Pacific City (pop. 1,027) is home to one of only a few dory surf launches remaining on the West coast. Dories are flat-bottomed, keel-less boats with lengthwise planking along their bottom. At Pacific City, dories still launch from the beach into the surf on their way to fishing areas on the open sea.
The thunderegg, or geode, was named the state rock in 1965, after a vote by state rockhounds. Thunderegg exteriors look unremarkable, but their interiors can be filled with colorful agate, quartz, and amethyst in layers and even star patterns. Thundereggs range in size from less than one inch wide to more than four feet, and are often found in Crook, Jefferson, Malheur, Wasco, and Wheeler counties.
Archeologist Luther Cressman discovered some of the oldest shoes in the world in central Oregon’s Fort Rock Cave in 1938. Dozens of the woven sagebrush bark sandals, dating between 9,200 and 10,500 years old, were found under a layer of volcanic ash that fell some 7,500 years ago.
The Legislature declared the Oregon grape its state flower in 1899. Native to much of the Pacific Coast, the low-growing plant has waxy green leaves that resemble holly. It bears small yellow flowers in early summer, and dark blue berries in late fall that can be used in cooking.

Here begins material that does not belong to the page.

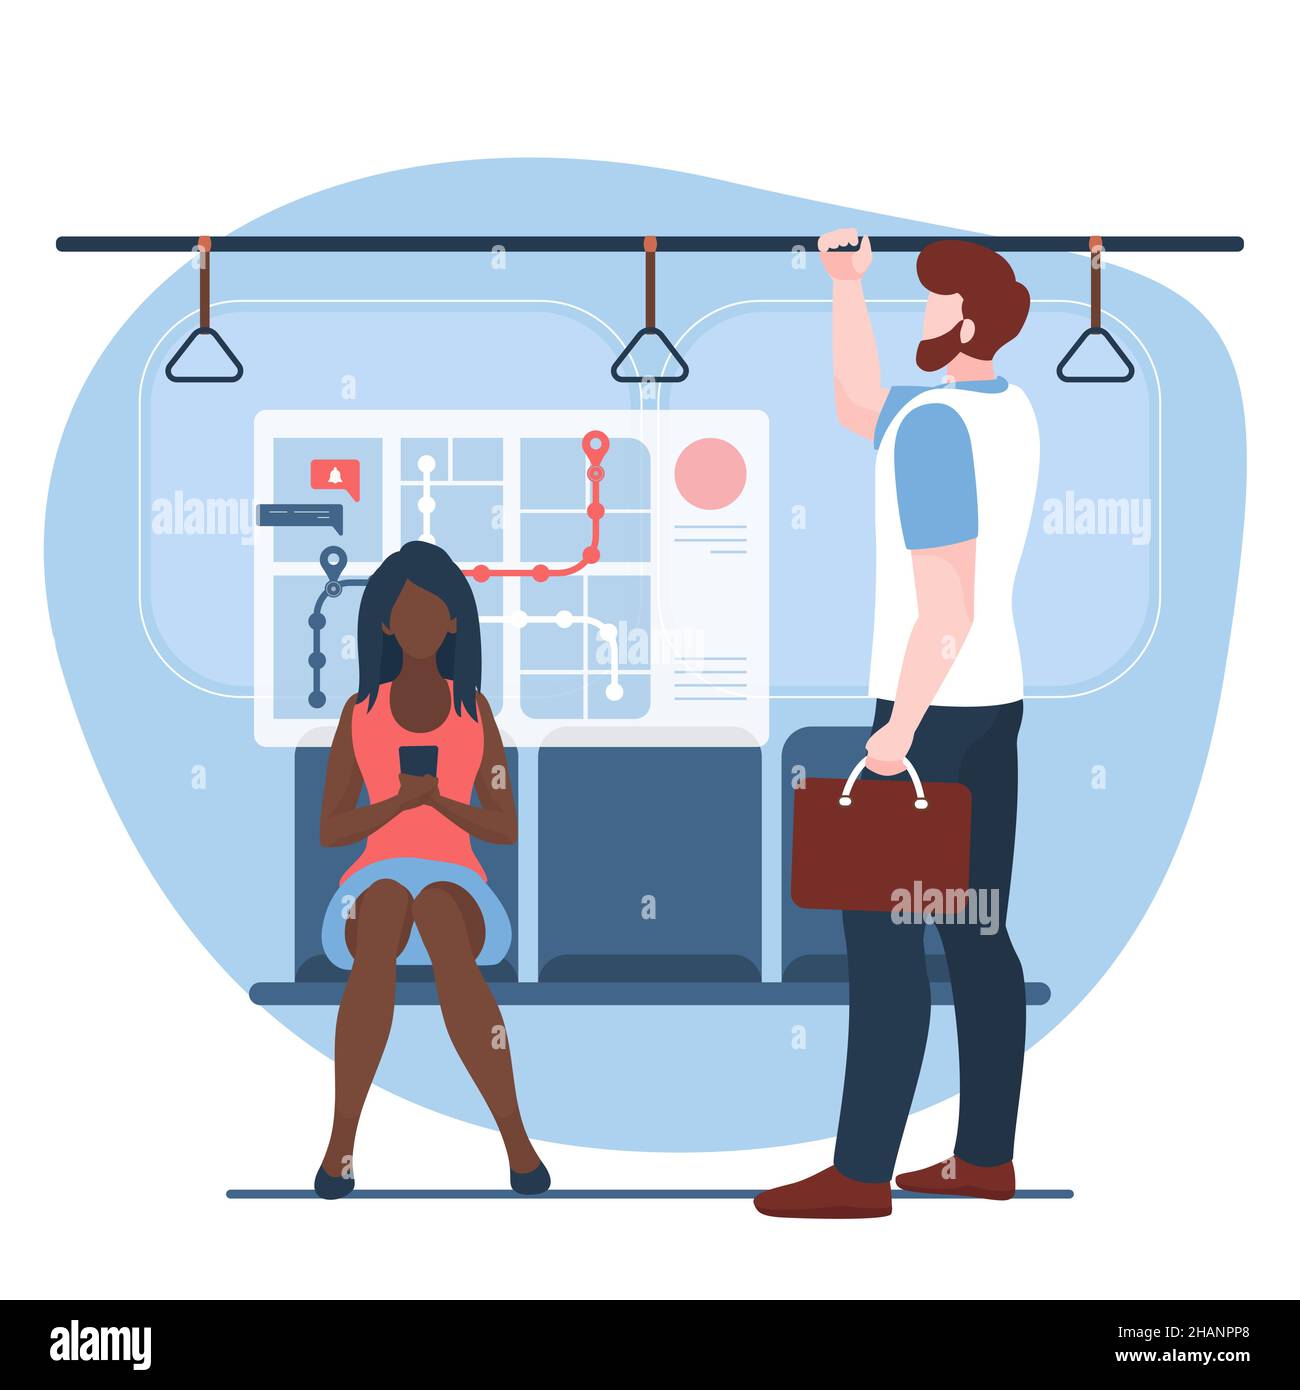 Passengers in metro train carriage inside vector illustration. Cartoon underground public transport with crowd of sitting and standing people, city map guidance on wall. Subway navigation concept Stock Vector

Known as the “Marble Halls of Oregon,” the Oregon Caves National Monument in the Siskiyou Mountains is an active marble cave with more than 3 miles of underground marble, stalagmites, flowstone, and cave coral. The 50,000-year-old fossils of a grizzly bear and jaguar have also been found in the cave system.

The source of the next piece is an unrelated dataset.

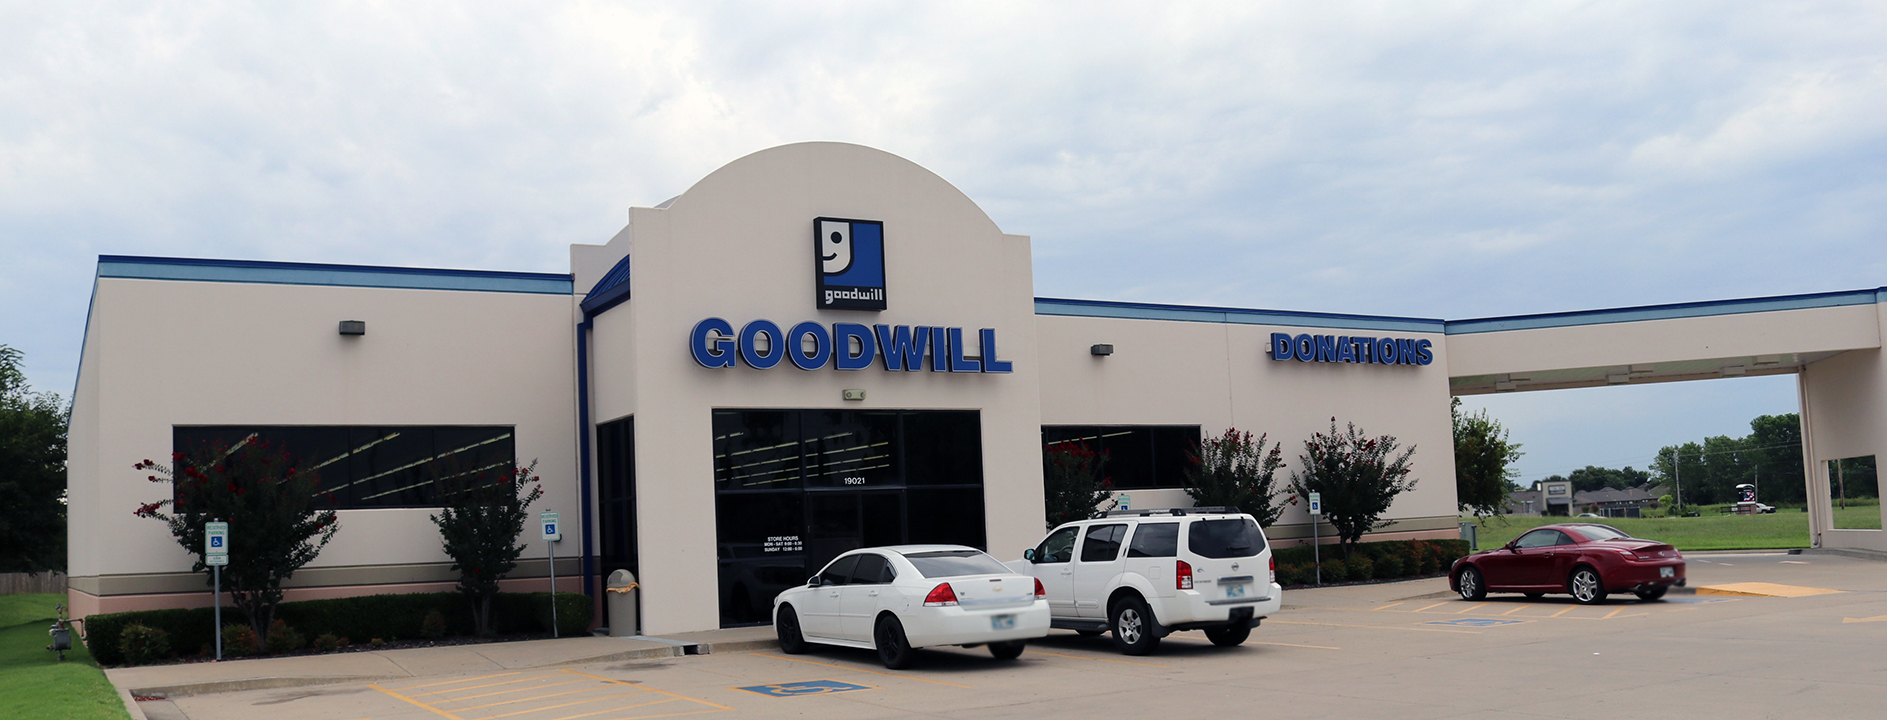 Goodwill Store And Donation Center (Stone Creek)

Portland, known as the City of Roses, maintains more than 20,000 roses in three public rose gardens, including the International Rose Test Garden. Founded in 1917, the test garden is the oldest of its kind in the country, and was even considered a safe haven for hybrid roses grown in Europe during World War I.
Lincoln City (pop. 7,437) was reportedly the site of the first honeymoon in Oregon, when missionaries Jason Lee and Cyrus Shepard and their new brides camped in the town for one week. A plaque commemorating the milestone is located on NW 17th Street.
The Benton County Courthouse in Corvallis (pop. 49,322), built in the late 1880s for approximately $70,000, is the oldest courthouse in Oregon still used as such. The building underwent extensive renovation in 1976 to restore and preserve its fading features.
Grant Martinsen, a retired Oregon biology teacher, set an all-time fly-fishing record in October 2002 when he hooked a Chinook salmon weighing 71.5 pounds. He caught the fish on the Rogue River in Gold Beach (pop. 1,897).
The Camas pocket gopher, a species unique to Oregon, is found only in the Willamette Valley. It derives its name from a fondness for eating the camas lily, which is disappearing from the area for that reason. The gopher’s tunnels have been known to reach more than 800 feet in length.
Matt Groening, creator of television’s favorite animated family, the Simpsons, is a Portland native. Characters from The Simpsons actually debuted in the late 1980s on a skit for The Tracey Ullman Show. The Emmy Award-winning program has run for more than a decade.